There is a twist though: Merging also has to respect the since frontier, which determines how far the times of updates should be advanced. Advancing times in a sorted chain of updates can make them become unsorted, so we cannot just merge the chains from top to bottom.

For example, consider these two chains, assuming since = [2]: chain 1: [(c, 1, +1), (b, 2, -1), (a, 3, -1)] chain 2: [(b, 1, +1), (a, 2, +1), (c, 2, -1)] After time advancement, the chains look like this: chain 1: [(c, 2, +1), (b, 2, -1), (a, 3, -1)] chain 2: [(b, 2, +1), (a, 2, +1), (c, 2, -1)] Merging them naively yields [(b, 2, +1), (a, 2, +1), (b, 2, -1), (a, 3, -1)], a chain that’s neither sorted nor consolidated.

Times below the since can only exist in chains read by consolidate_before, and only if the since advanced past buffered times since the previous read. For few distinct stale times — the steady state, where the previously emitted chain was written just before the since advanced past it — we merge sub-chains, one for each distinct time that’s before or at the since. Each of these sub-chains retains the (time, data) ordering after the time advancement to since, so merging those yields the expected result.
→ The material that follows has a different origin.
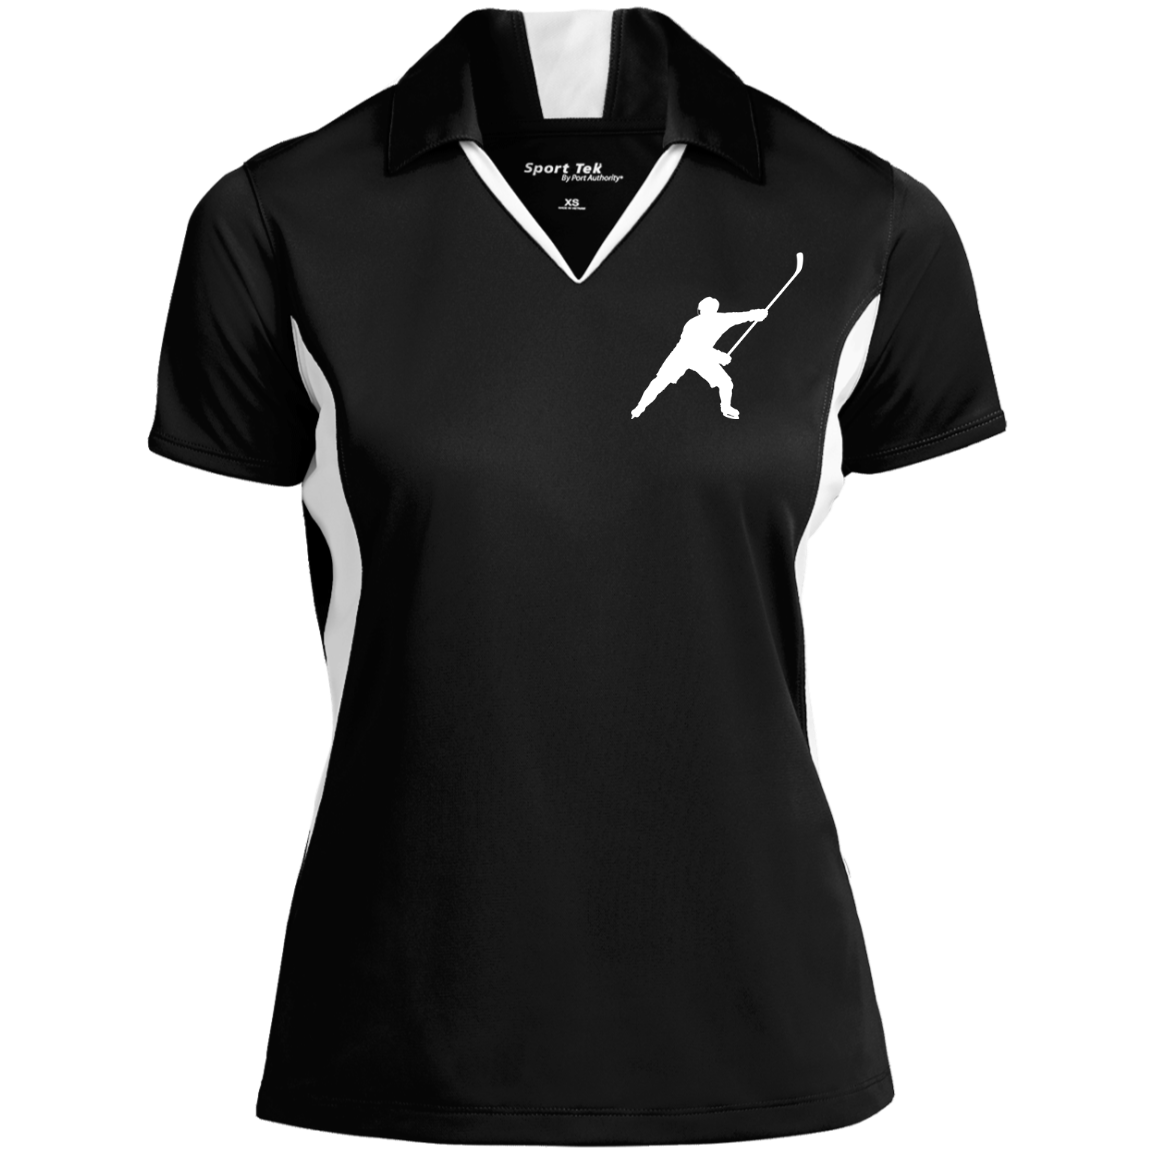 MY SPORT HOCKEY™ LADIES' EMBROIDERED PERFORMANCE POLO

For the above example, the chains we would merge are: chain 1.a: [(c, 2, +1)] chain 1.b: [(b, 2, -1), (a, 3, -1)] chain 2.a: [(b, 2, +1)], chain 2.b: [(a, 2, +1), (c, 2, -1)]

For many distinct stale times — e.g. a since jump across many buffered timestamps when a sink restarts with an old as-of — the number of sub-chains grows with the number of distinct times, so we instead materialize the affected updates, advance their times, and sort and consolidate them in one O(U log U) pass.

Structs§

CorrectionV2
A data structure used to store corrections in the MV sink implementation.

Traits§

Data
Convenient alias for use in data trait bounds.